Francis Archibald. (Author)

Archibald said he saw about ten minutes after nine a soldier and another mean-looking fellow with a cutlass in his hand. Someone told the fellow to put away his cutlass, it was not right to carry it at that time of night. The man advanced on them and said “damn you, ye Yankee boogers, what’s your business?” The man with the cutlass then struck one of Archibald’s companions. A scuffle immediately ensued and Archibald testified they beat the man back, which was when seven or eight soldiers came out of the barracks, armed with tongs and other weapons. One soldier aimed a blow at John Hicks, who stood near Archibald, but Hicks countered the blow and knocked the soldier down. As he tried to get to his feet, Archibald struck the soldier down again, later learning he had broken the man’s wrist. He then went to King street, and when the guns were fired, saw several persons dead.[2]

By the end of the year, Archibald may have felt the need to leave Boston. Col. Thomas Goldthwait had long been recruiting Boston locals to come serve as soldiers at Fort Pownal in down east Maine. Goldthwait had been provincial secretary of war for Massachusetts Gov. Francis Bernard. In 1763, he was appointed commander of Fort Pownal and arrived at the fort in early 1764 to find the garrison numbered only forty men. Even those numbers were soon reduced. By 1770, there were only twenty-six men stationed there. Goldthwait constantly recruited suitable young men for service and one of them was Francis Archibald. By December 1770, the young man was in Maine.[3]

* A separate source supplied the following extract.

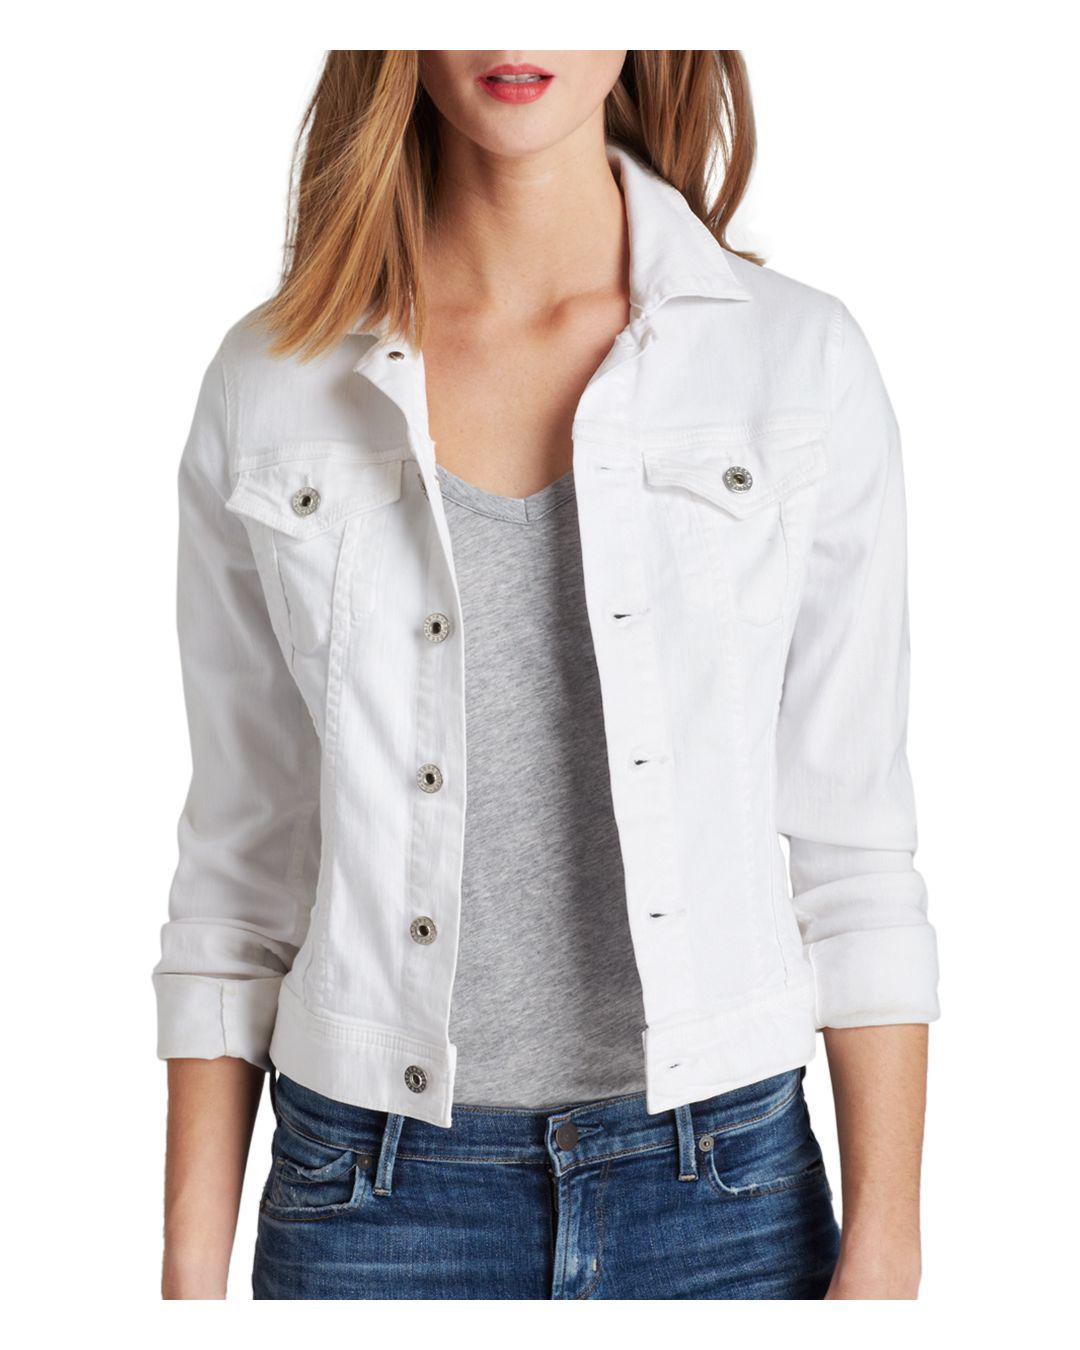 Lyst - AG Jeans Jacket - Robyn Denim in White

Archibald’s penmanship and accounting abilities were excellent at a time when many young soldiers lacked those skills, so he was soon put to work keeping records for Goldthwait, often acting as his secretary. In some legal proceedings in 1772, Archibald’s occupation is listed as a scribe or clerk. Duties included maintaining a ledger of purchases made at the fort store. These records are the Waste (or Wast) Book. Entries involved money earned by odd jobs such as cutting wood, weaving and repairing fish nets, or filling out shipping manifests and other papers. Store transactions tended to be many and varied. Charges were meticulously kept in pounds, shillings and pence on the right-hand side of the page. Separate charges were noted by their separate dates. Repeat customers were assigned a number. When he experienced credit problems with a customer, Archibald usually limited that person to transactions on just cash basis. Customers in serious arrears had trade privileges terminated.[4]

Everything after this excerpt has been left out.